Artificial Intelligence provides immediate opportunities to improve processes and there is a continuous flow of attractive use cases, in part due to rapidly evolving technology. However, AI also provides opportunities for total transformation in the somewhat longer term. Properly anticipating AI therefore requires a strategy with room for two speeds.

Transformative power of Artificial Intelligence

AI is far from new. Scientists have been working on it for decades, and data scientists have also been applying AI in numerous applications in business and government for quite some time. But with the breakthrough of Generative AI, things have changed. The transformative power of AI has now also become a major topic at boardroom tables. Most agree that AI is a gamechanger in virtually every sector. Views differ on the pace at which that will occur. This is quite understandable, as there are still many uncertainties. This is not only because of the stormy and non-linear development of the technology itself but also because of shifting planes on other fronts, such as legislation and related societal expectations and values. 

Within the context of this uncertainty, it makes sense to go for a two-speed strategy. 

Experimenting with Artificial Intelligence

On the one hand, this involves quickly realising use cases and conducting experiments. These applications of (Generative) AI are often quick and easy to implement (in software terms: ‘next, next, finish’) and deliver immediate value, for example through improved operational excellence or personalised customer contact. Apart from the immediate value, there is another benefit of this ‘fast lane’: the organisation gains affinity with AI and builds knowledge. 

Sustainable transformation with AI

On the other hand, businesses must consider the more fundamental and structural transformative power of AI. This power varies by sector and involves, for example, the emergence of completely new business models, cross-sector innovations, the use of intelligent personal agents by employees, or other radical innovations. The long-term transformation can be very fundamental but is often perceived as less urgent. However, proper preparation for this cannot wait until tomorrow and will entail a redesign of the operating model, IT architecture, data management, governance, capabilities, compliance and other issues. In terms of content, this preparation involves leveraging as much as possible what we now know of (future) technology and experiences in other organisations. Up-to-date knowledge can make a lot of difference here. 
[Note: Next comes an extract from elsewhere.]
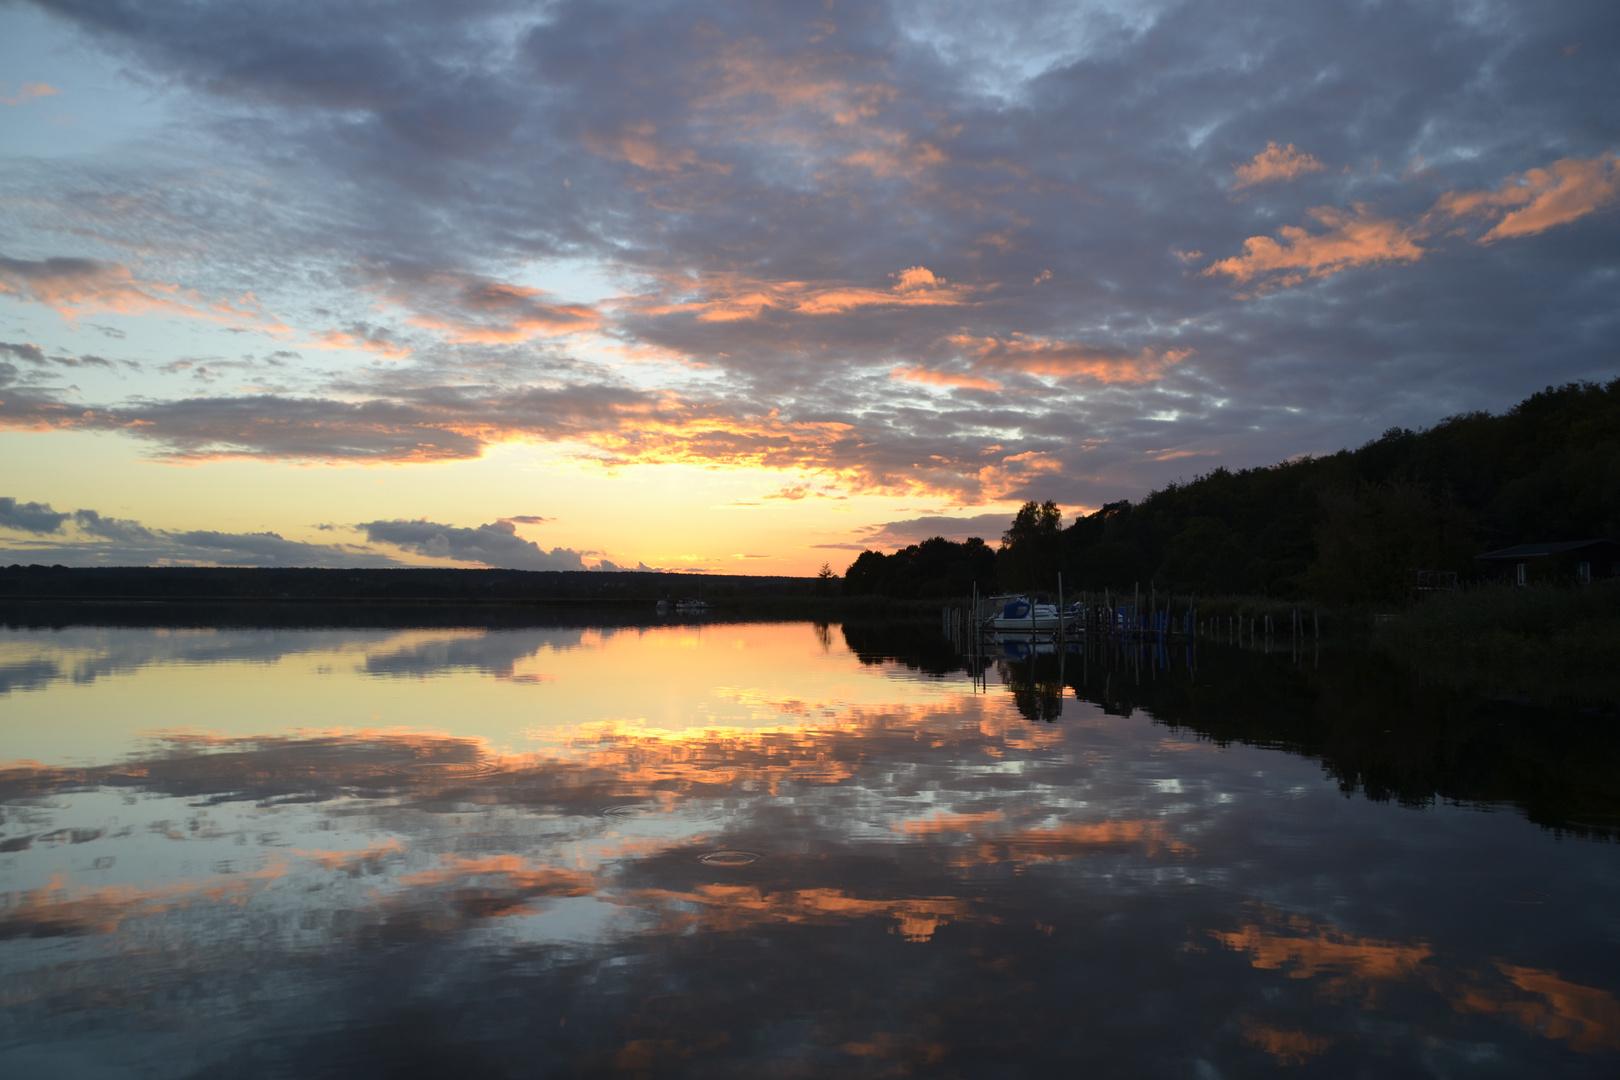 Sonnenuntergang am Hohendorfer See (Vorpommern)

Practice shows that a certain 'use case fatigue' can set in within many companies after a period with much focus on quick use cases. There is a need for more holistic responses to the advent of AI. AI is therefore increasingly seen as an integral part of broader digitisation efforts (e.g. cloud, data, security, resilience). This also means a greater focus on integrated and scalable solutions rather than standalone AI applications.
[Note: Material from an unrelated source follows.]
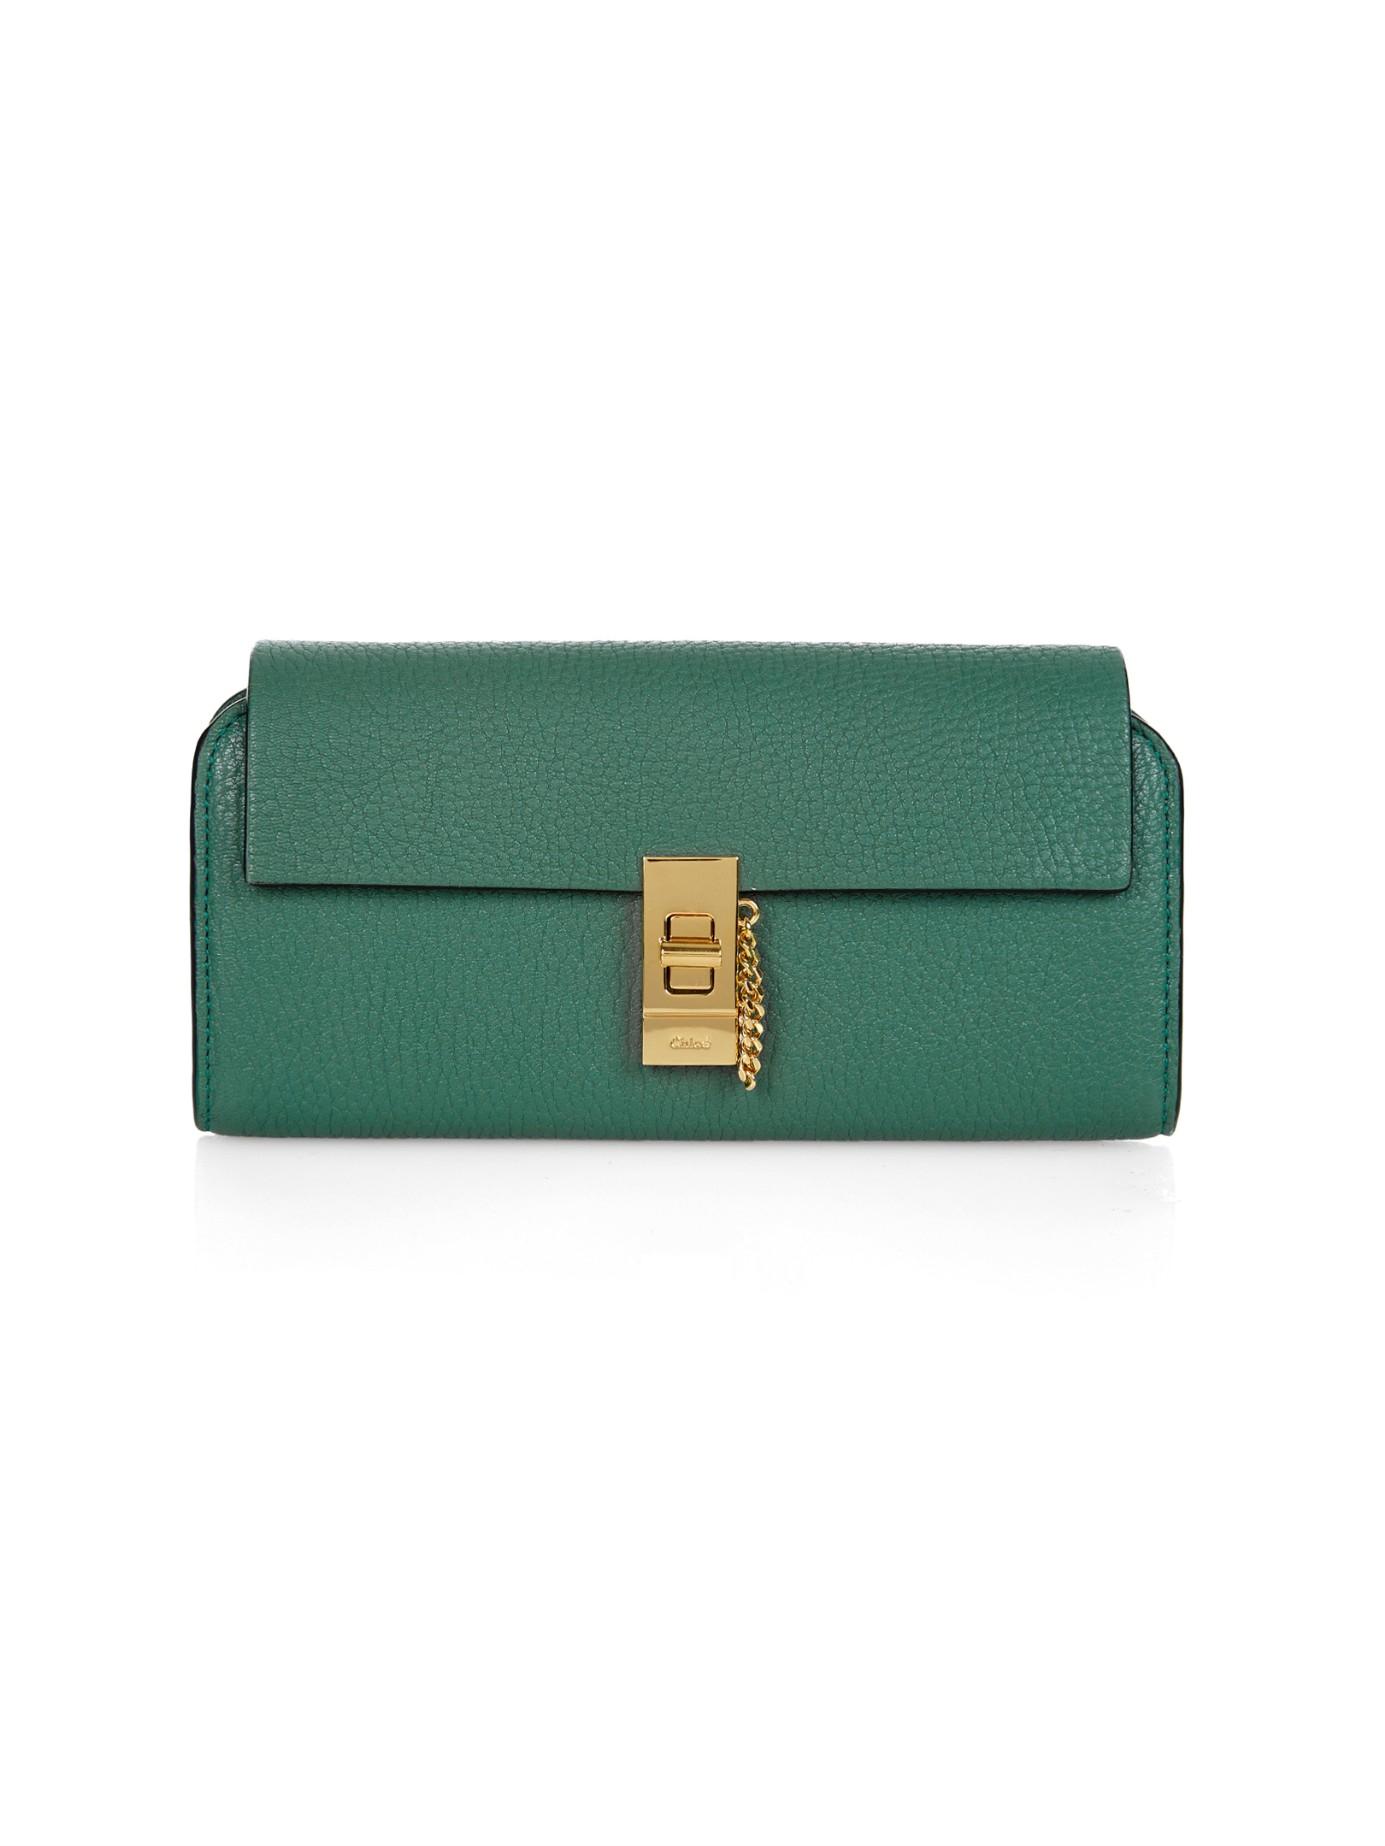 chloe wallets online

The human being as a crucial factor

KPMG helps you with up-to-date technology insights and industry knowledge to refine your strategy as much as possible. As mentioned, there are many uncertainties at play here. However, one thing seems certain: humans will play a crucial role in the transformation and, more specifically, in differentiating organisations. A new division of labour is emerging between humans and machines. The machine is increasingly taking over intelligent tasks from humans (and ‘learning’ the language of humans instead of the classic situation where humans had to master the language of the machine). But this does not put humans in a less distinctive role. On the contrary, with intelligence quotient (IQ) being largely taken over by machines, humans can differentiate with emotional quotient (EQ) and cultural quotient (CQ). The former primarily concerns empathy – a trait that machines are poor at – and the latter is about the ability to function effectively in culturally diverse situations.